Washington, United States — A senior Federal Reserve official said Thursday that some central bank policy adjustments will likely be warranted as inflation slows and the labor market gradually cools.
But San Francisco Fed President Mary Daly, in a media interview, did not commit to a timing for this shift, maintaining that officials will remain data-dependent in their decisions.
Daly’s comments come shortly after government figures showed that inflation eased more than anticipated last month, with the consumer price index up 3.0 percent — down from 3.3 percent in May.
READ: US consumer inflation eases to 3.0% in June — gov’t
The smaller increase has fueled optimism that the Fed can start cutting interest rates in September, after holding the benchmark lending rate at a decades-high level for months to fight stubborn inflation.
The US central bank had rapidly hiked rates in 2022 as prices surged, in a bid to ease demand.
It is clear that “monetary policy is working,” Daly noted on Thursday.
The inflation data is increasing confidence that the United States is on a path towards policymakers’ two percent target.

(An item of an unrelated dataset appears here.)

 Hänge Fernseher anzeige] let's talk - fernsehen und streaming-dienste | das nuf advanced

“But there remains considerable uncertainty about how the economy will evolve, and we have to think in scenarios as we navigate the future path of policy,” she said.
She cautioned as well that progress on inflation is “going to be bumpy.”

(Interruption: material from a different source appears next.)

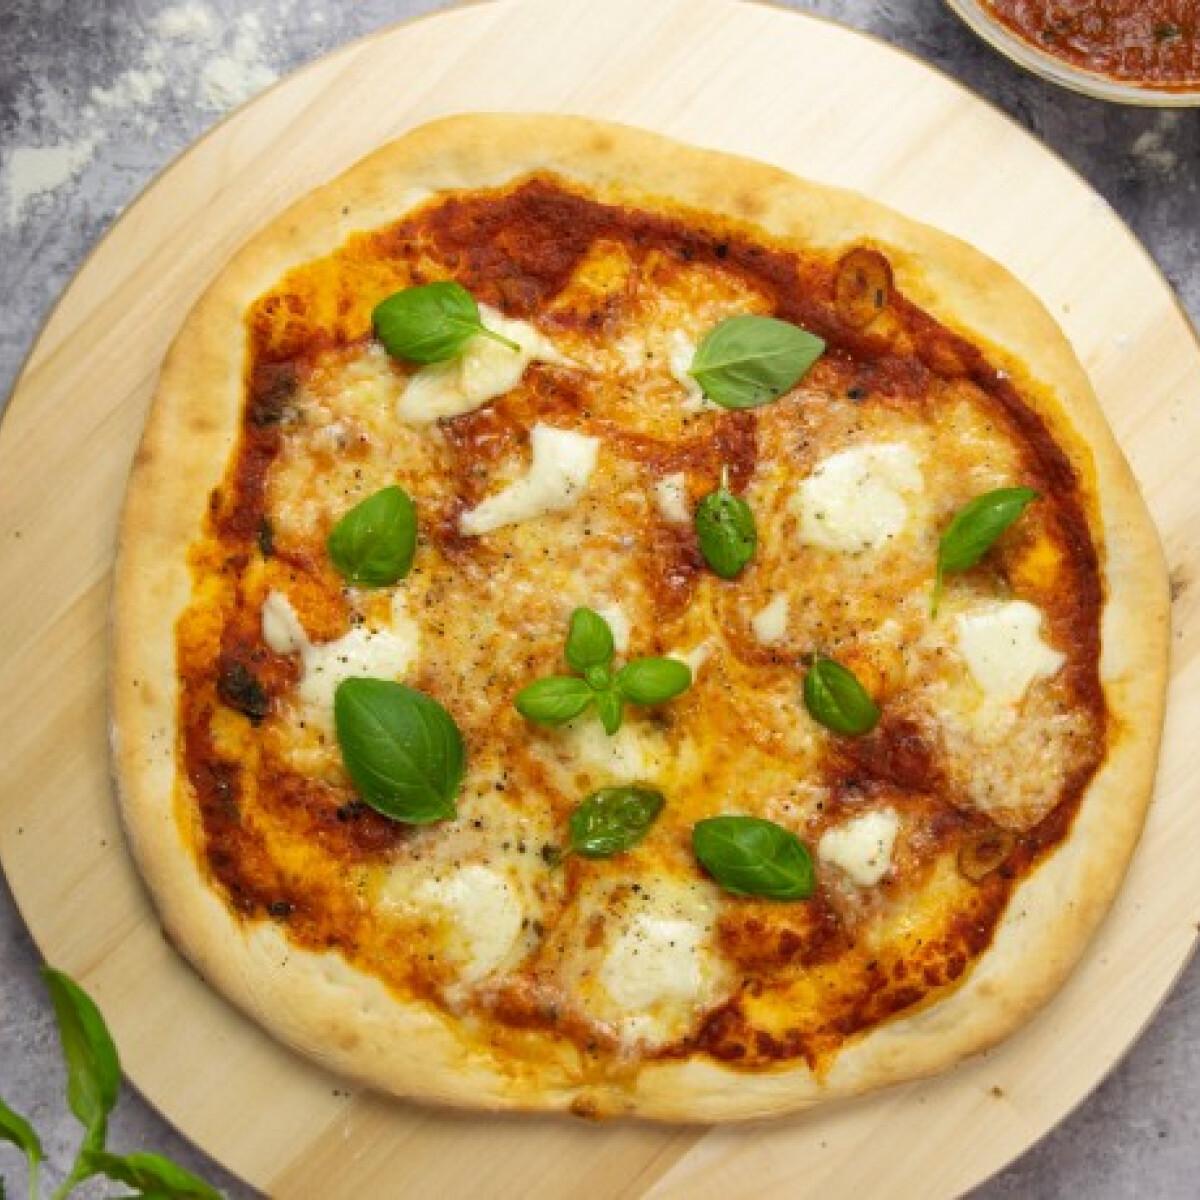 Ezen a képen: Margherita pizza

READ: Fed would not wait for 2% inflation to consider rate cut: Powell
Besides inflation, Daly noted that the labor market is at a point where additional slowing is more likely to result in a rise in unemployment.
She added that policymakers will have to monitor this area as they mull future rate decisions.
Earlier this week, Fed Chair Jerome Powell told lawmakers that labor market conditions appear to have returned to where they stood on the eve of the pandemic, “strong, but not overheated.”